Она бежит в стоптанных башмаках, в чулках сомнительной чистоты, но ее округлая грудь, стянутая корсажем, привлекает взоры прохожих — и холостяка, выходящего из конторы, и кучера, у которого всегда, наготове шутка, и кондуктора омнибуса, идущего пешком за своей желтой колымагой, полной пассажиров. Увидав служанку, он приветствует ее по-военному, взяв под козырек.

Бакалейщик зовет ее «мадмуазель»; мясник, любезничающий с нею, — «мамзель», молочница — уменьшительным именем, фруктовщик — «дочкой», а уличная торговка овощами обращается к ней еще фамильярнее: «детка!»

Задерганная с утра до вечера, она пытается запомнить все данные ей приказания, все, что ей надо сделать; голова у нее идет кругом. Растерянная, она мечется то туда, то сюда, точно ее крутит ветром; и ветер гуляет у нее в голове.

О чем она думает? «Молоко — четыре су... На шесть су сыру, на два — петрушки... Масло — десять су... Трех су не хватает! Не хватает трех су! Что я еще покупала? А хозяин — порядочный неряха... Если лавочник еще раз меня обнимет, я скажу его жене... А кучер господина Дюбюиссона — смазливый парень... Но все-таки не хватает трех су! Вот беда! Неужели у меня никогда не будет «и минутки покоя? А что заказано на обед? Суп из капусты или из щавеля? Забыла... Попадет мне от хозяйки... Ну, что это за жизнь! Надо будет сказать, что молока куплено на пять су, сыра — на восемь, петрушки — на три, масла — на двенадцать; тогда я не только верну эти три су, но выгадаю еще три».

— Добрый день, мадам Дюбюиссон!

— Добрый день, моя милая!

Мадам Дюбюиссон — вовсе не супруга, а просто кухарка г-на Дюбюиссона; это жена того самого кучера, который нравится служанке.

И та мечтает: хорошо бы самой стать такою мадам Дюбюиссон, величественно нести большую корзину, полную всяких дорогих и вкусных вещей, выпячивая огромный живот, который кажется таким тяжелым.

Удастся ли это ей?

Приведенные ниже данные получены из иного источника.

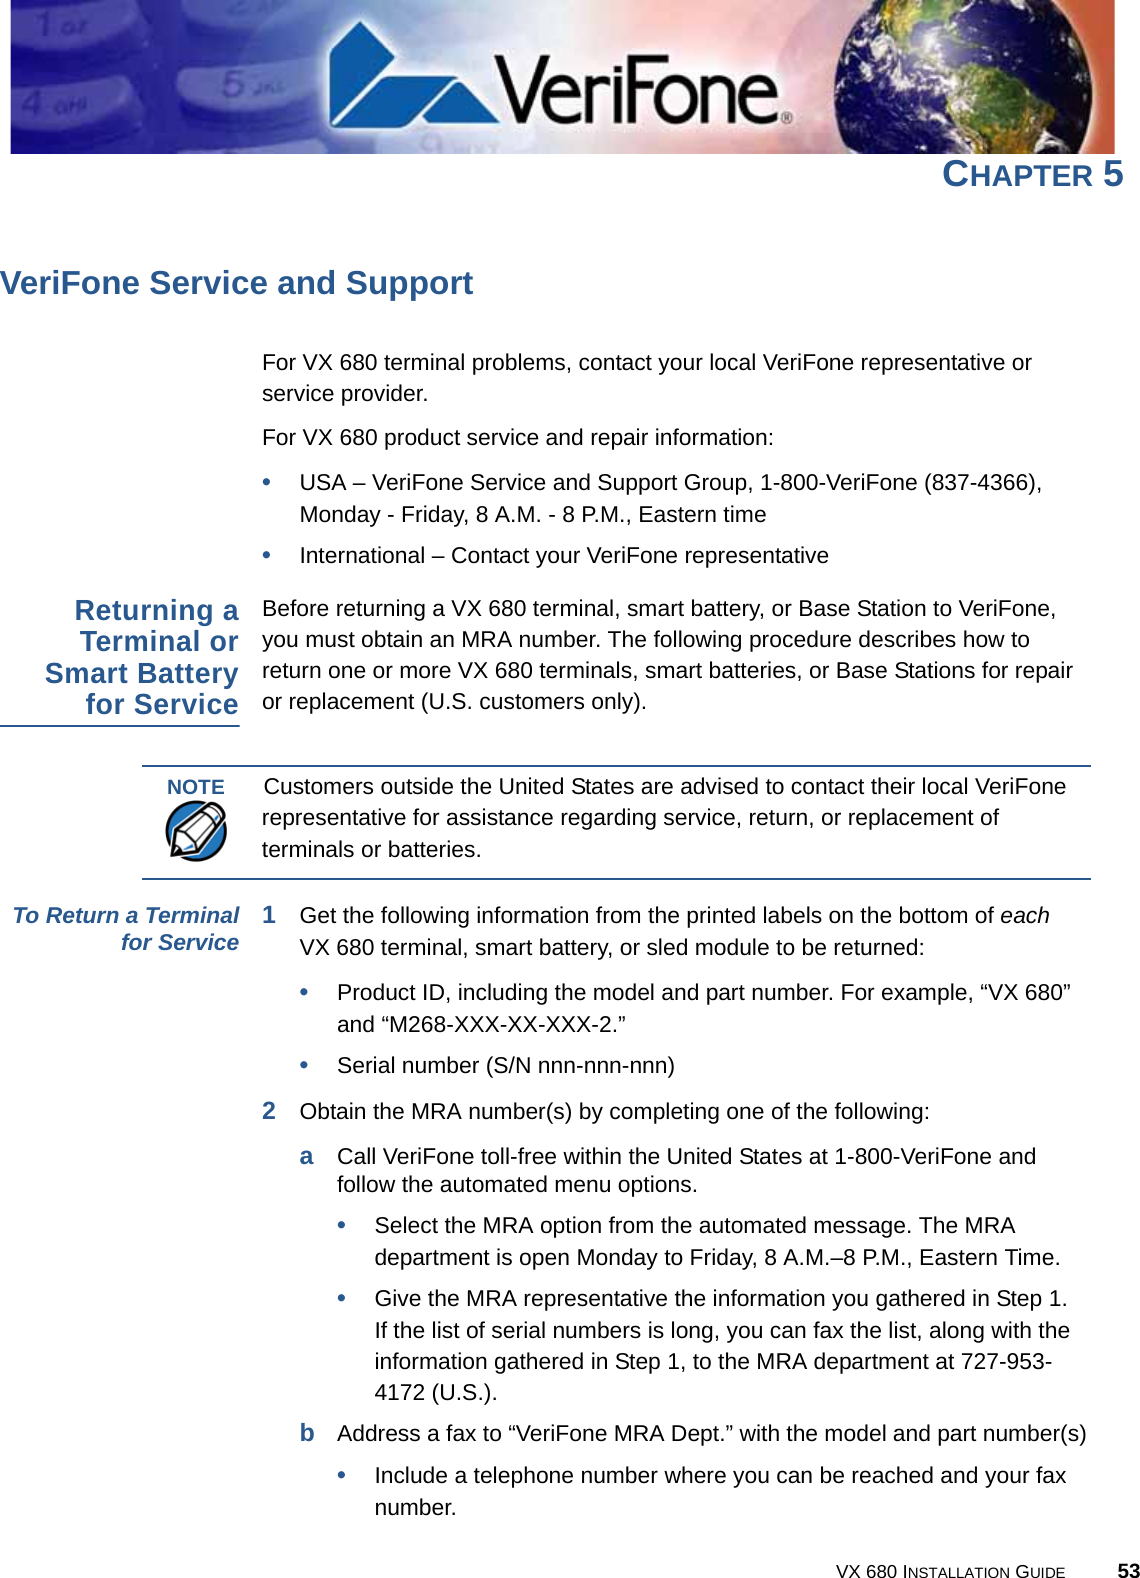 VX 680 INSTALLATION GUIDE 53CHAPTER 5VeriFone Service and SupportFor VX 680 terminal problems, contact your local VeriFone representative or service provider. For VX 680 product service and repair information:•USA – VeriFone Service and Support Group, 1-800-VeriFone (837-4366), Monday - Friday, 8 A.M. - 8 P.M., Eastern time•International – Contact your VeriFone representative Returning aTerminal orSmart Batteryfor ServiceBefore returning a VX 680 terminal, smart battery, or Base Station to VeriFone, you must obtain an MRA number. The following procedure describes how to return one or more VX 680 terminals, smart batteries, or Base Stations for repair or replacement (U.S. customers only). To Return a Terminalfor Service 1Get the following information from the printed labels on the bottom of each VX 680 terminal, smart battery, or sled module to be returned:•Product ID, including the model and part number. For example, “VX 680” and “M268-XXX-XX-XXX-2.”•Serial number (S/N nnn-nnn-nnn)2Obtain the MRA number(s) by completing one of the following:aCall VeriFone toll-free within the United States at 1-800-VeriFone and follow the automated menu options.•Select the MRA option from the automated message. The MRA department is open Monday to Friday, 8 A.M.–8 P.M., Eastern Time.•Give the MRA representative the information you gathered in Step 1.If the list of serial numbers is long, you can fax the list, along with the information gathered in Step 1, to the MRA department at 727-953-4172 (U.S.).bAddress a fax to “VeriFone MRA Dept.” with the model and part number(s)•Include a telephone number where you can be reached and your fax number.NOTECustomers outside the United States are advised to contact their local VeriFone representative for assistance regarding service, return, or replacement of terminals or batteries.

Тут нужны бережливость, безупречное поведение, хитрость, привычка к порядку и умение хорошо готовить.

Все эти кухонные генеральши коротко знакомы друг с другом и здороваются церемонно, как графини.

Они судят и рядят, обсуждают, сколько получает каждая из них и какие у нее доходы. Разговаривают они громко, с поставщиками обращаются высокомерно; толстые и грузные, они загораживают тротуар перед лавкой, заставляя прохожих обходить их кругом. Неторопливо, самоуверенно, осмотрительно (а служанка — та всегда спешит и мало заинтересована в покупках) нюхают они рыбу, прикидывают на ладони вес овощей, подозрительно разглядывают живность, недоверчиво щупают дичь и ожесточенно торгуются, хотя их хозяева не сэкономят на этом ни одного су.

У каждой из них есть тайный грешок: либо вино, либо любовь. Порой лавочник краснеет, когда кухарка входит, а виноторговец сует ей в корзину литровую бутылку рома, не фигурирующую в счетах.

Но кухарки пользуются уважением, с ними почтительны, ибо это влиятельные особы. Торговцы их зазывают, стараются отбить их друг у друга, отвешивают им товар в первую очередь, и те с величественным пренебрежением в голосе и взгляде отвечают на приветствия служанок и судомоек, этой мелкой рыбешки в мире домашней прислуги.